Horry County considers stiff new penalties to protect animals

HORRY COUNTY, SC (WMBF) Horry County Officials may be looking to crack down on animal abuse and provide aid to stray animals.

The Horry County Public Safety Department is currently reviewing plans to create stiffer penalties for people convicted of animal abuse crimes, as well as better defining proper animal care.

County Spokeswoman Lisa Bourcier said the goal of the proposed law change is to make sure people know what it means to provide adequate food, shelter and water for domesticated animals.

"The County is...just trying to better define our definitions," Bourcier explained.  "And [also] trying to put in a little heavier penalties as well."

One of the penalties would include the possibility of prohibiting convicted animal abusers from owning a domesticated animal for up to two years.

Conway resident Bobby McDowell, a self proclaimed animal lover, says he believes the county's rules on animal care are vague and in dire need of an update.

"[The ordinance] has no meat, no backbone to it," he stressed. "Which means our [animal control] officers can't do their jobs."

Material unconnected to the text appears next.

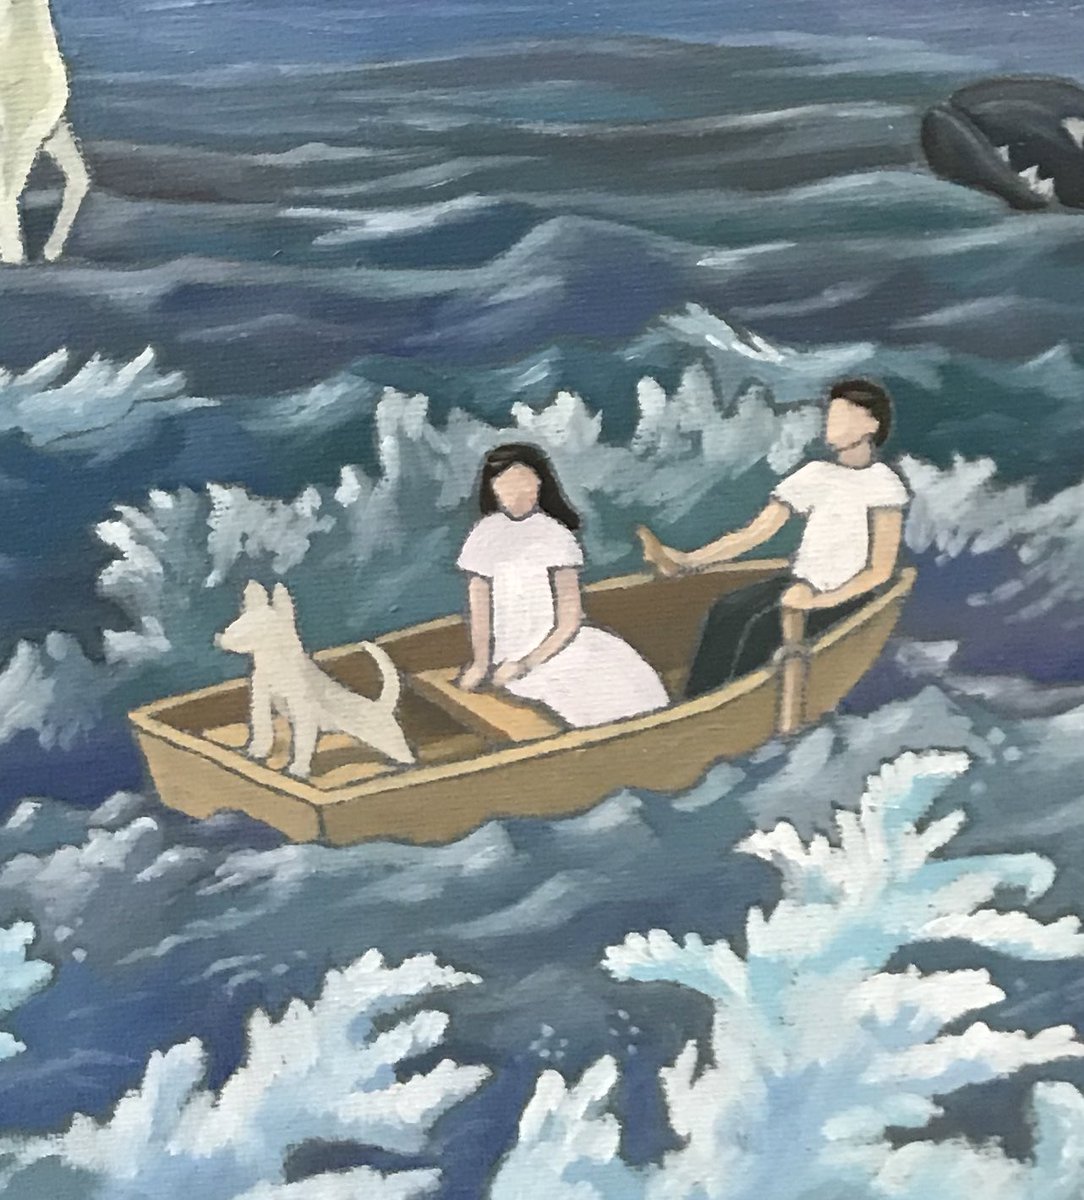 「#メンタルスケッチ「俺のお気に入りの舟」円形キャンバス、油彩、2022年制作個展」|reo sato（宵待通信)のイラスト

Other ideas being considered by the Public Safety Committee are the prohibition of animal hoarding, creating a low cost spay and neuter program, creating a catch and release spay and neuter plan for stray animals, and requiring all pet owners to implant their pets with I.D. microchips.

Bob Bonsigner, President of the "Sav-R-Cats" animal advocacy group, said he is particularly pleased with the catch and release spay and neuter program, one he is helping county officials develop.

"The trap, neuter, return program...we find very essential to the reduction of the population of [stray] cats," Bonsigner explained.

The County Public Safety Committee will discuss the proposed changes to the county animal ordinance during their next meeting on Feb. 16, and will likely make a recommendation to the Horry County Council to move or not move forward with the plan.

However the county proceeds, McDowell says he believes something needs to be done.

"Regardless of your religious beliefs, we are here to take care of [animals], just like we are here to take care of each other," McDowell said.